**Problem details**
Print the data below again in full, exactly as it stands, with no images.

Data shown section start

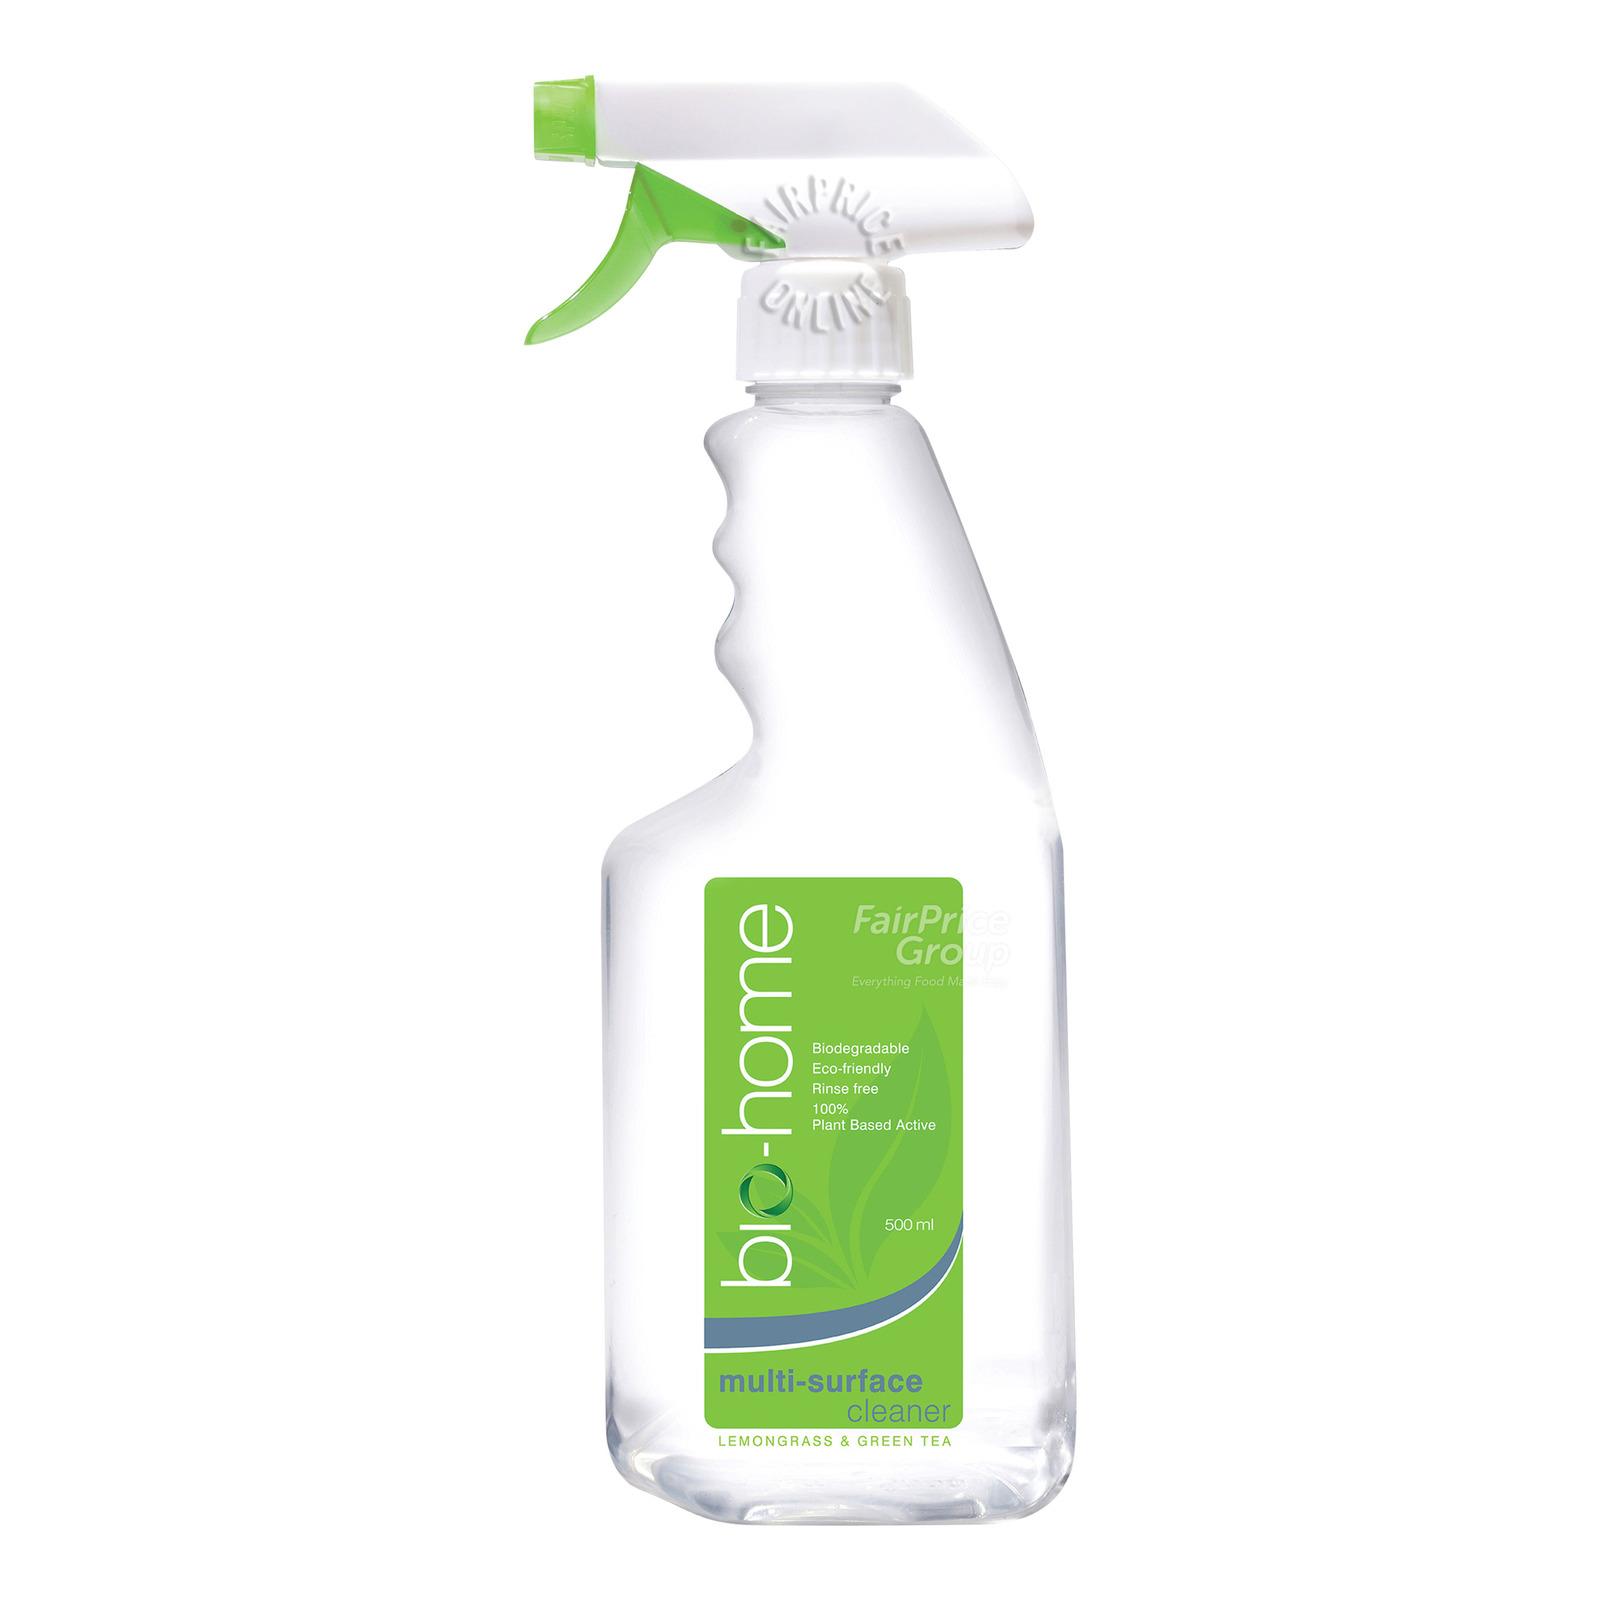 Bio-Home Multi-Surface Cleaner - Lemongrass & Green Tea
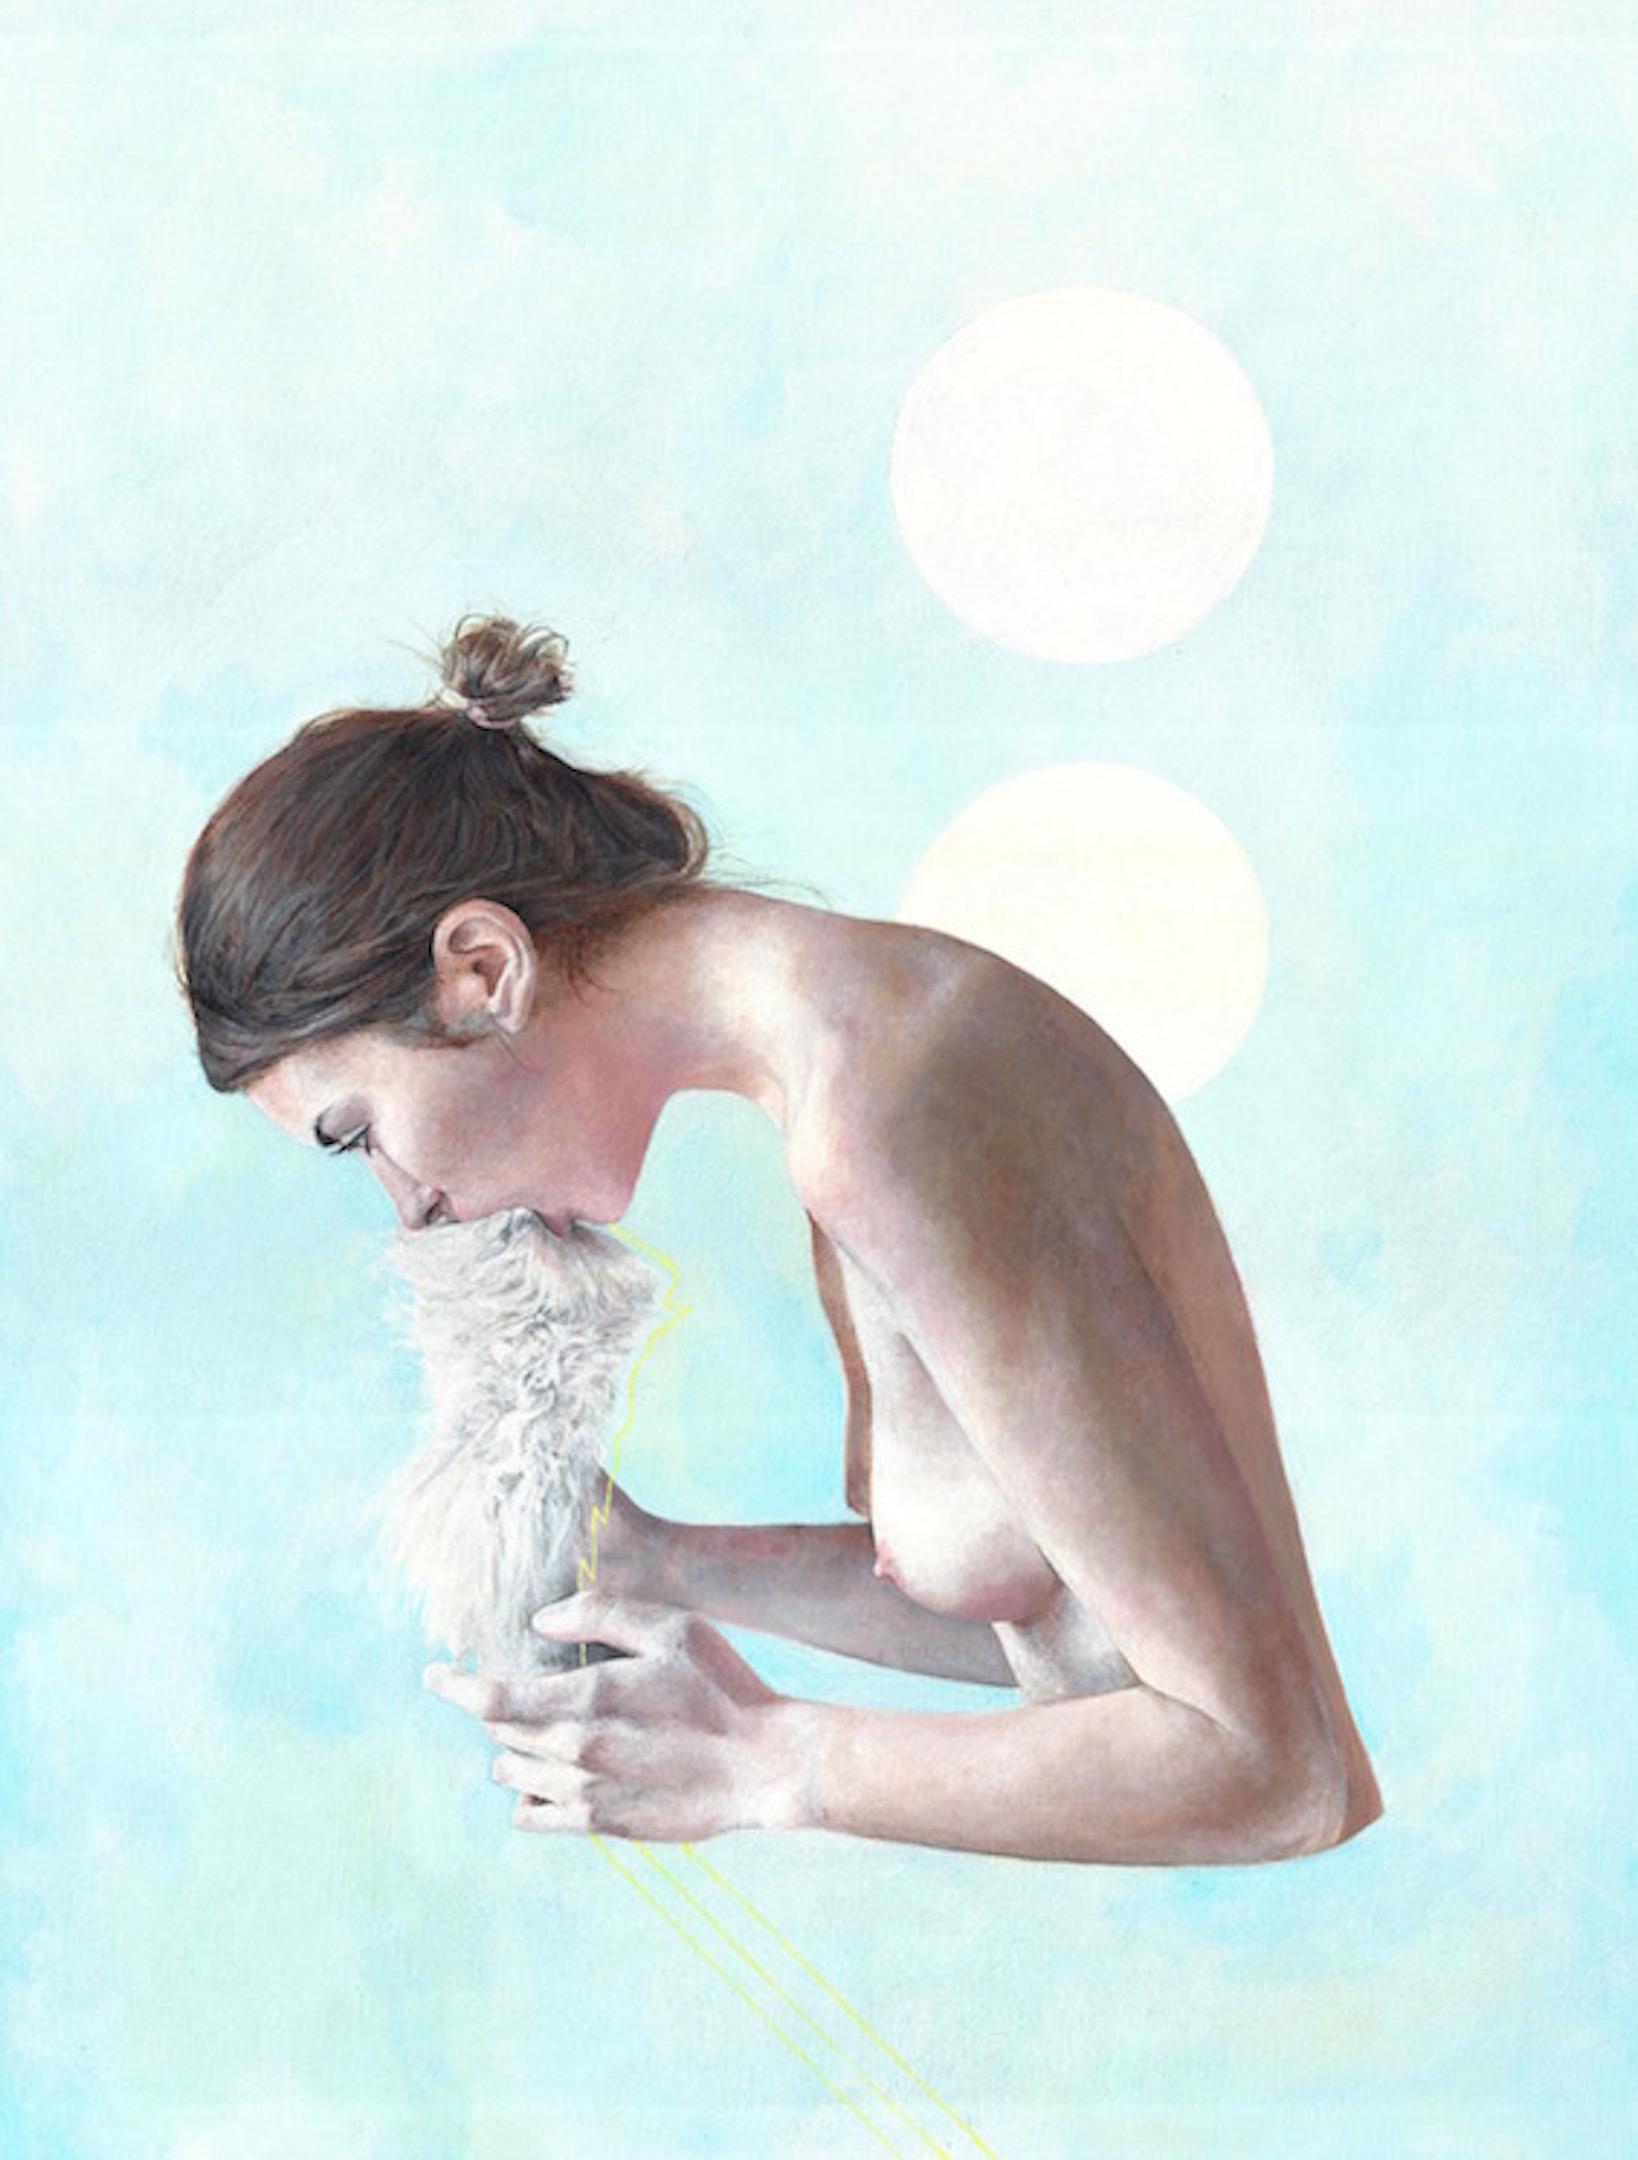 GF-008 I am Choking, 2015, acrylic on paper, 19.25x25.25, $2000
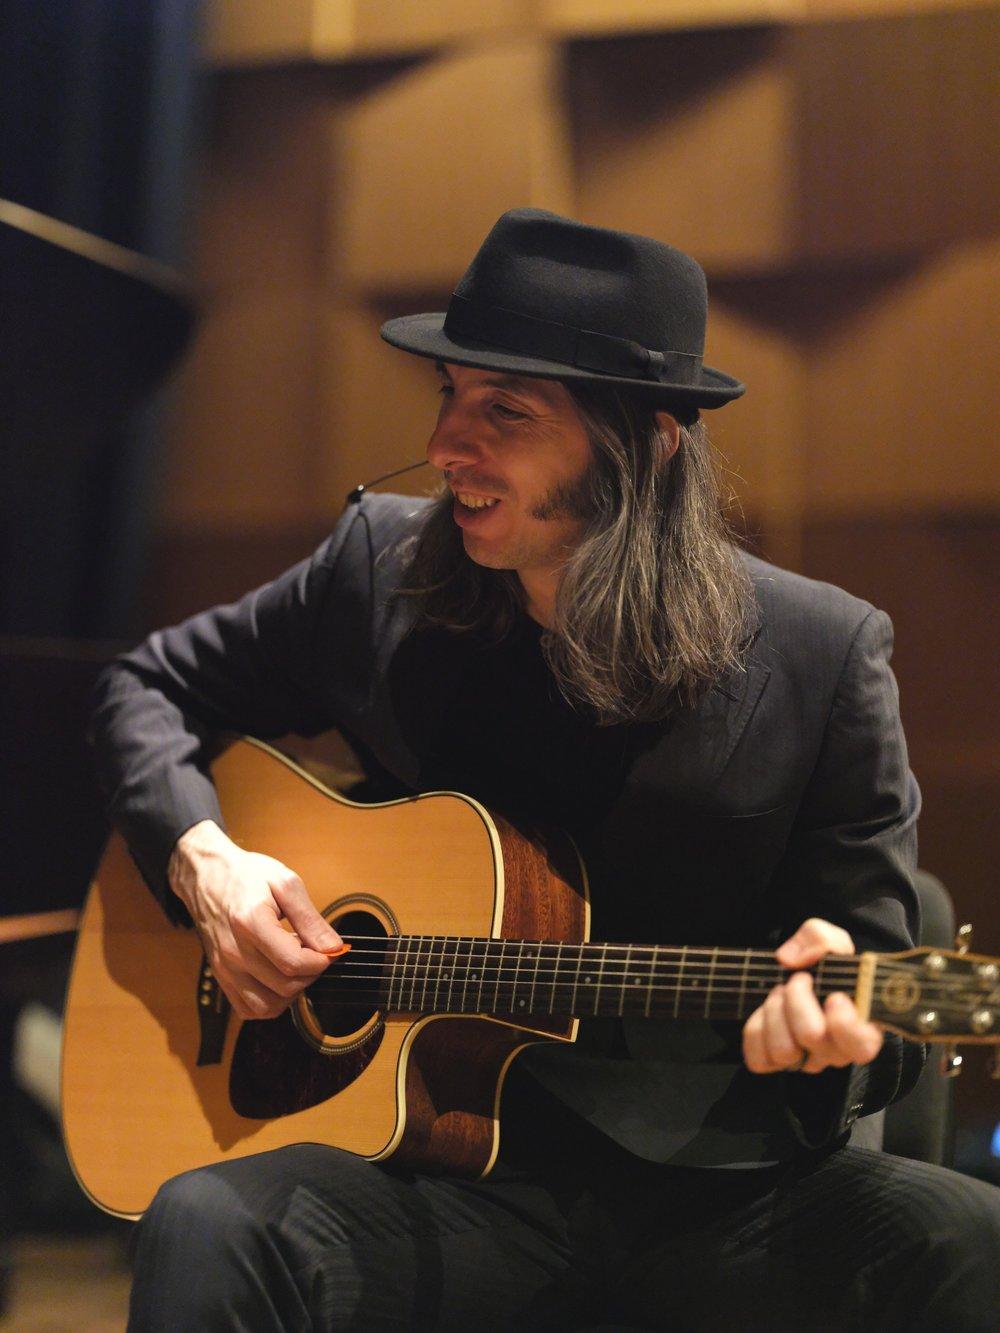 <p><strong>Sasha Markovic</strong>Co-founder, Director, Guitarist, Composer</p>

Data shown section end

**Solution to the problem**
 Bio-Home Multi-Surface Cleaner - Lemongrass & Green Tea
 GF-008 I am Choking, 2015, acrylic on paper, 19.25x25.25, $2000
 <p><strong>Sasha Markovic</strong>Co-founder, Director, Guitarist, Composer</p>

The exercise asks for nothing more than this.